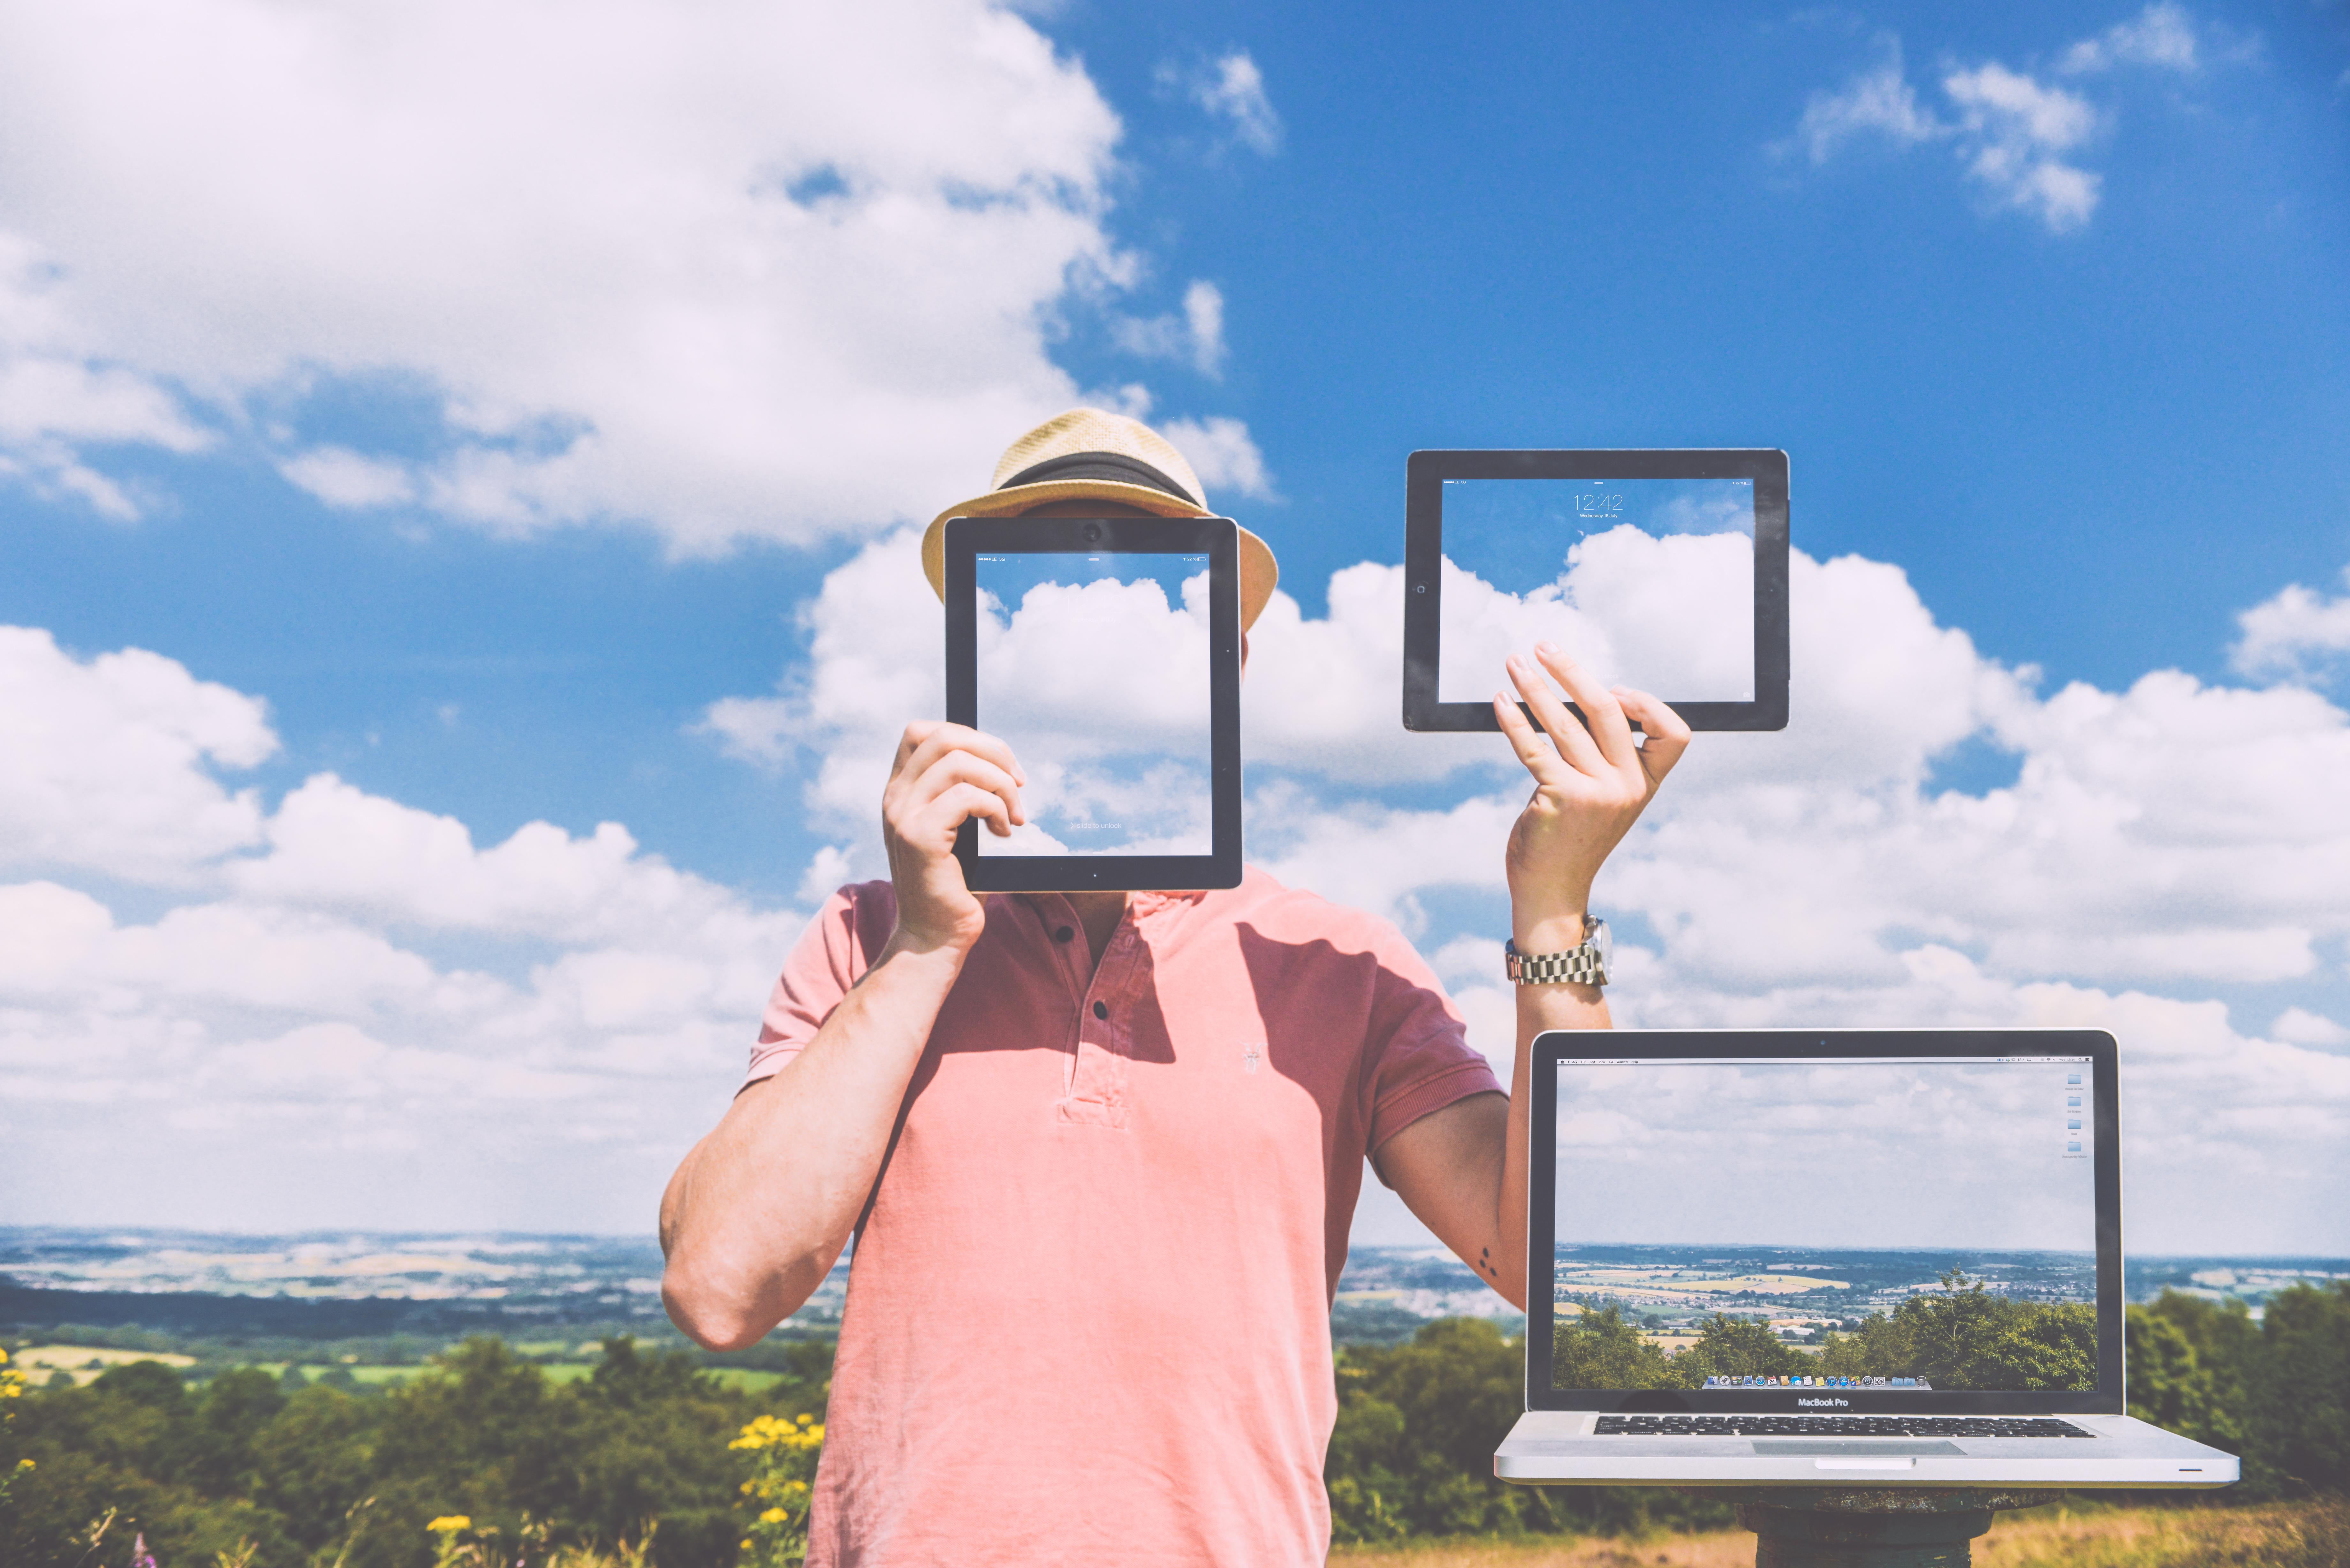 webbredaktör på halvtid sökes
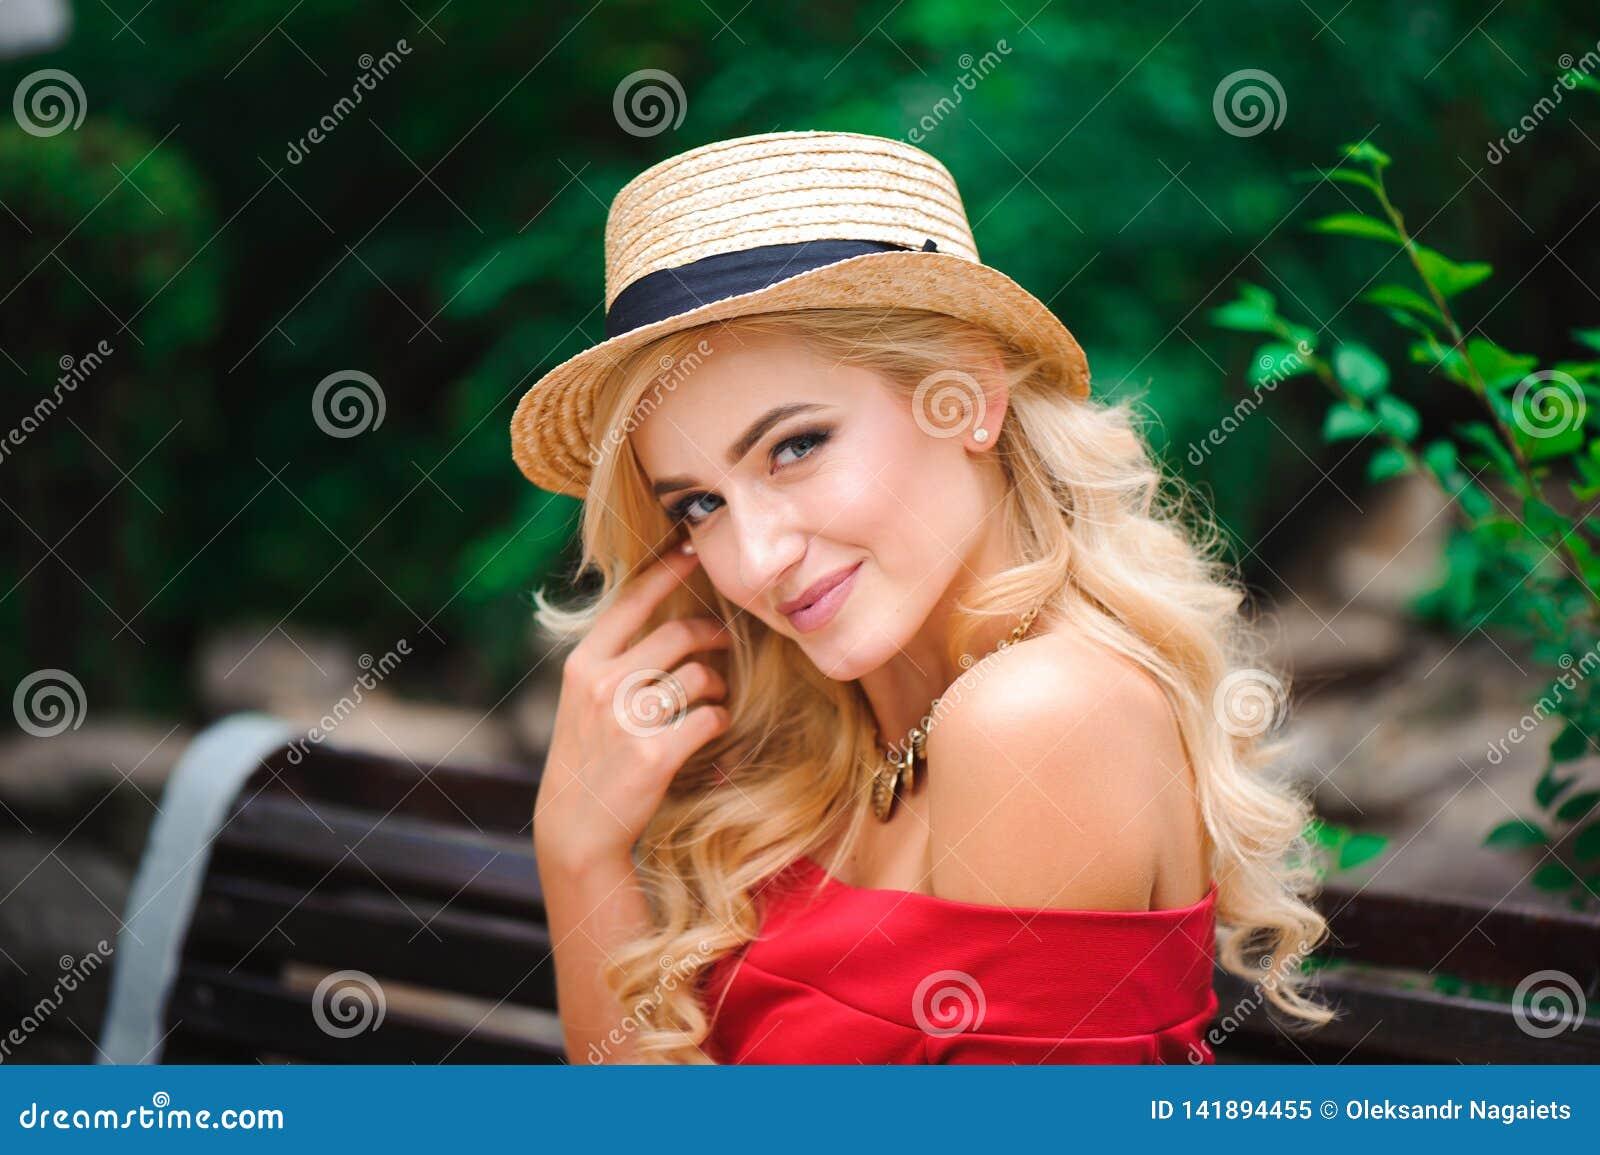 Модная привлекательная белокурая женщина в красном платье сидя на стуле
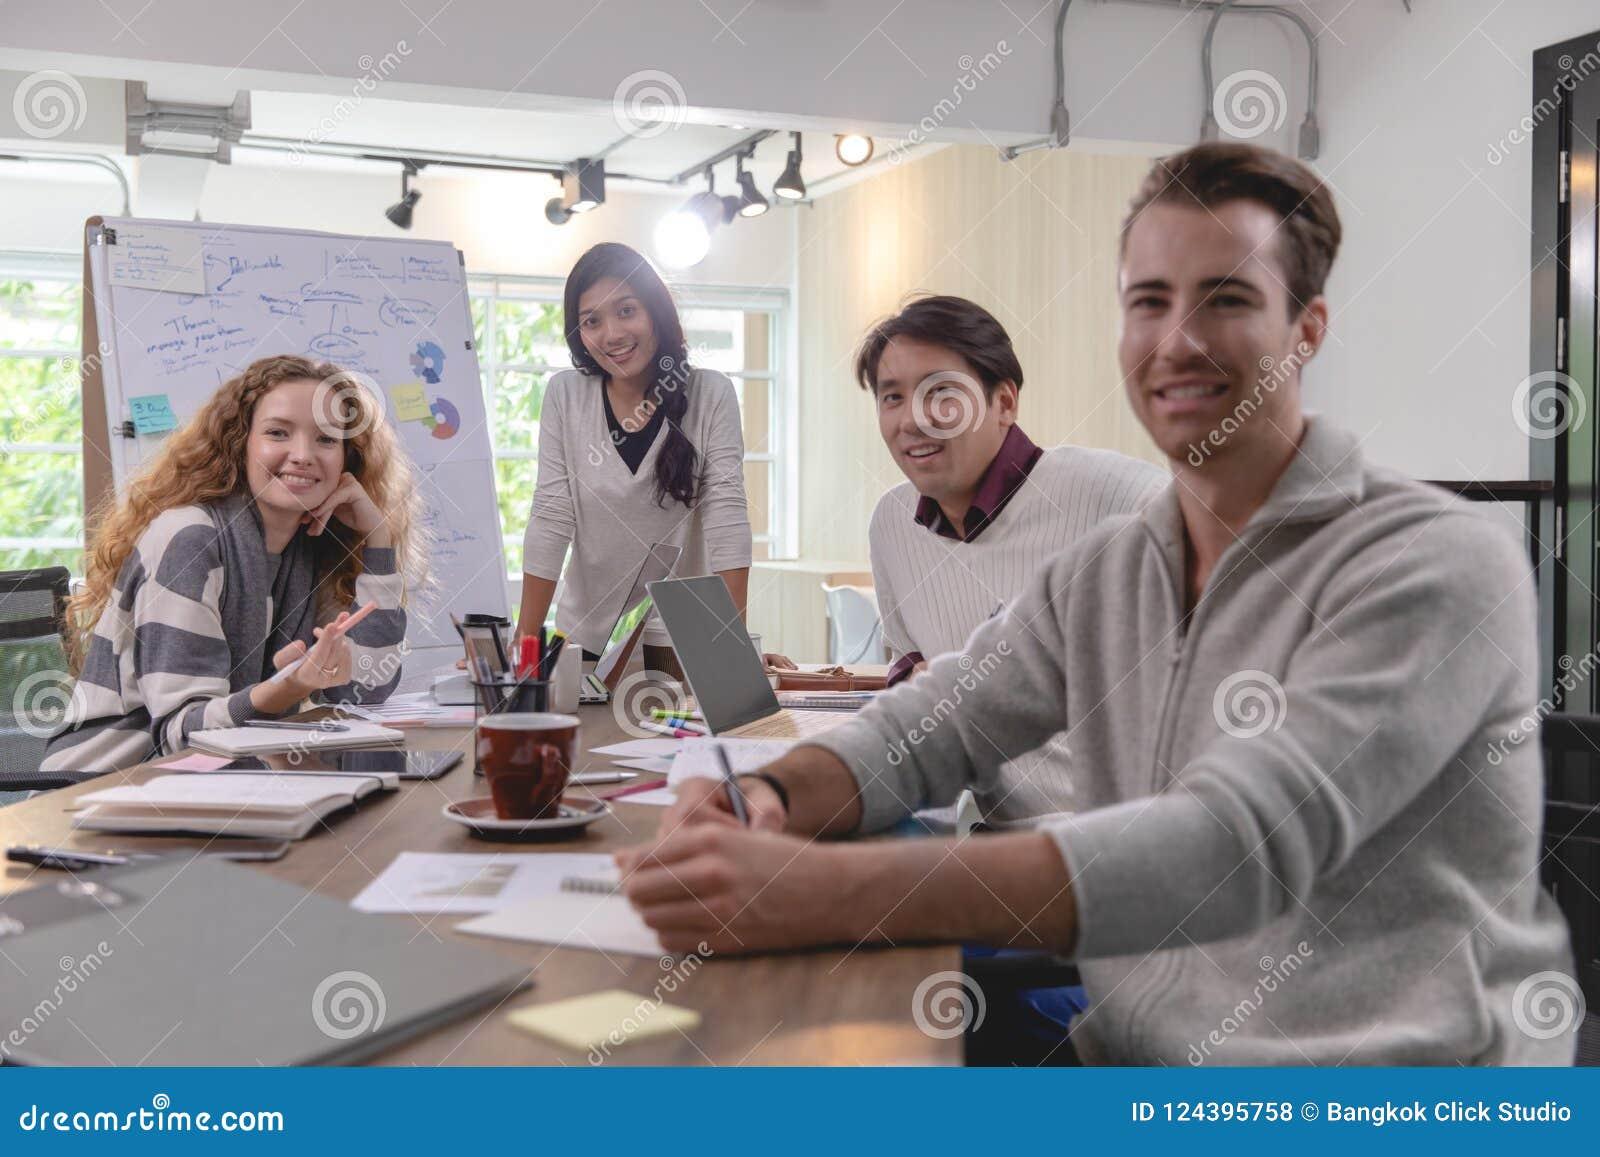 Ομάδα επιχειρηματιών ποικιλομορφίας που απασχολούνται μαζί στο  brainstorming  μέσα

**EXERCISE DETAILS:** Would you give the data above again word for word, skipping any images?

**EXERCISE SOLUTION:**
 webbredaktör på halvtid sökes
 Модная привлекательная белокурая женщина в красном платье сидя на стуле
 Ομάδα επιχειρηματιών ποικιλομορφίας που απασχολούνται μαζί στο  brainstorming  μέσα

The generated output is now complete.